Dataset:

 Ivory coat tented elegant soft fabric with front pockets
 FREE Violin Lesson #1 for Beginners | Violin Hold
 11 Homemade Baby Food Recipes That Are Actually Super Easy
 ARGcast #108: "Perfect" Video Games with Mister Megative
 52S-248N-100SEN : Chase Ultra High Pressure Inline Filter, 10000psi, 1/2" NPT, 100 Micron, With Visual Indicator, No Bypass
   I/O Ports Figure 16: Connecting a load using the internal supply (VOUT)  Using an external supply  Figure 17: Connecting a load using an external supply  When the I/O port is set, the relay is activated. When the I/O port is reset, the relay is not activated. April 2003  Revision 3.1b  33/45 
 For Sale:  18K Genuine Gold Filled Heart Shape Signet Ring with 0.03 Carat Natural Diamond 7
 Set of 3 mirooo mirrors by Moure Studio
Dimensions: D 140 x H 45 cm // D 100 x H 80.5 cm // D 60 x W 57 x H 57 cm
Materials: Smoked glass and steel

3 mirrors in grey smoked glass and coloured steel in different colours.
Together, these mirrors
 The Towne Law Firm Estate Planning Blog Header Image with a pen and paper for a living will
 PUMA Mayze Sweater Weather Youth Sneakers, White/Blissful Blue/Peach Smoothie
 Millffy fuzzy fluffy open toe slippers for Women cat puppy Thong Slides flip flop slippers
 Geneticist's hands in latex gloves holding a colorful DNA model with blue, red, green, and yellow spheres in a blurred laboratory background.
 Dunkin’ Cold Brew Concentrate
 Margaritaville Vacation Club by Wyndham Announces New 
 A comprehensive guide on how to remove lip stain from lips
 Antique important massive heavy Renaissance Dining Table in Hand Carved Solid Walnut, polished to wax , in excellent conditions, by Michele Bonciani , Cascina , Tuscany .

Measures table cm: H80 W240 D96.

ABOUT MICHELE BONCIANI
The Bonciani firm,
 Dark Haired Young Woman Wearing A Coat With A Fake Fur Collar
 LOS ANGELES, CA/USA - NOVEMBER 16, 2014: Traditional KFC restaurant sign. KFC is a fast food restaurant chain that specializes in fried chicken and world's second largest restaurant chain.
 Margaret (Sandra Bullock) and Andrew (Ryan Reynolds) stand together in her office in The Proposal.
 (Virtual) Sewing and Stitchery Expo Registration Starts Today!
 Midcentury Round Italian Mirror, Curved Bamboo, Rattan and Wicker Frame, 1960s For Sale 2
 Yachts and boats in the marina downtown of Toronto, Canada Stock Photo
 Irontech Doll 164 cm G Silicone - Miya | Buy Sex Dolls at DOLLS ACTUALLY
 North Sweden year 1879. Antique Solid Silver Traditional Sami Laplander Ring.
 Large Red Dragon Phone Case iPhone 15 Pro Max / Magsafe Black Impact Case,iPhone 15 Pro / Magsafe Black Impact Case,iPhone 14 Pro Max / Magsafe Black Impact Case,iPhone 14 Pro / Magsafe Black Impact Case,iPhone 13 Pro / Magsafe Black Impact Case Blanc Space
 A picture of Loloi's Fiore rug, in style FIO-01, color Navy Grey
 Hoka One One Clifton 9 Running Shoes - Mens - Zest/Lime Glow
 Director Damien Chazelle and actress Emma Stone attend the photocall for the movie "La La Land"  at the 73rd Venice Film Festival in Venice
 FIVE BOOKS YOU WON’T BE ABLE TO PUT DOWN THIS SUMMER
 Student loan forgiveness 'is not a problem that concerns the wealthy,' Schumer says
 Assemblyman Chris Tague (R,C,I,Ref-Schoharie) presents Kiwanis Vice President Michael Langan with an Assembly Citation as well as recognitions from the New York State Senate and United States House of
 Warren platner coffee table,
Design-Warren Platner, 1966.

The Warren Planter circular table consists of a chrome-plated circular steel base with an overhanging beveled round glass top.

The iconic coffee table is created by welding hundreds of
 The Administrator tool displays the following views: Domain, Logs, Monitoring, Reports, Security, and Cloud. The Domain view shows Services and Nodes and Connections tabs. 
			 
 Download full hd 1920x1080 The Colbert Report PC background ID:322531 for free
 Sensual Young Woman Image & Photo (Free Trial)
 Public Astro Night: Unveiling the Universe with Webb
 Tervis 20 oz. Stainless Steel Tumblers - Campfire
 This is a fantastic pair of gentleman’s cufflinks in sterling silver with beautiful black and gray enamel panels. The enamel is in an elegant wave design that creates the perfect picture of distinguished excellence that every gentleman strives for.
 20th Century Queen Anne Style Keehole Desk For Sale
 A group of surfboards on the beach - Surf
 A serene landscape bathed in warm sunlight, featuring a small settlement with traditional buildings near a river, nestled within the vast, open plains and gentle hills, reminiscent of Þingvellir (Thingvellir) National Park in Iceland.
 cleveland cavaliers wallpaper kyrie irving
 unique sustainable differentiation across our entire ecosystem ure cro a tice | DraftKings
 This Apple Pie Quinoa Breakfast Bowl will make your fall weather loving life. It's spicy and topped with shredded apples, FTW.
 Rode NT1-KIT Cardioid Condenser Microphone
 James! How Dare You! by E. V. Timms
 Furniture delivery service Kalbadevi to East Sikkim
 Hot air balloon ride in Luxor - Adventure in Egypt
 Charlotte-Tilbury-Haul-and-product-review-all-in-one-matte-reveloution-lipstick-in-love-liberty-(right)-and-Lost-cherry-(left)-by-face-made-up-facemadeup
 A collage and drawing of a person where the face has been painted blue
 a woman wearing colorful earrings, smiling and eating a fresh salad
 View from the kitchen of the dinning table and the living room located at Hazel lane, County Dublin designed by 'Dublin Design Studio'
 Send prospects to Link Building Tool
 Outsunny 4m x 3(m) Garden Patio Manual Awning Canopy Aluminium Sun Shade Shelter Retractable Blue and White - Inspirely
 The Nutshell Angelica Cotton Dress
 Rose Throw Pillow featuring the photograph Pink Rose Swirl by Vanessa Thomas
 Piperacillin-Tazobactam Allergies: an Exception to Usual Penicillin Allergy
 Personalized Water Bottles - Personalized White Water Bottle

Directions:
From the listing, copy each line containing the word "coffee".

Problem solution:
 Warren platner coffee table,
The iconic coffee table is created by welding hundreds of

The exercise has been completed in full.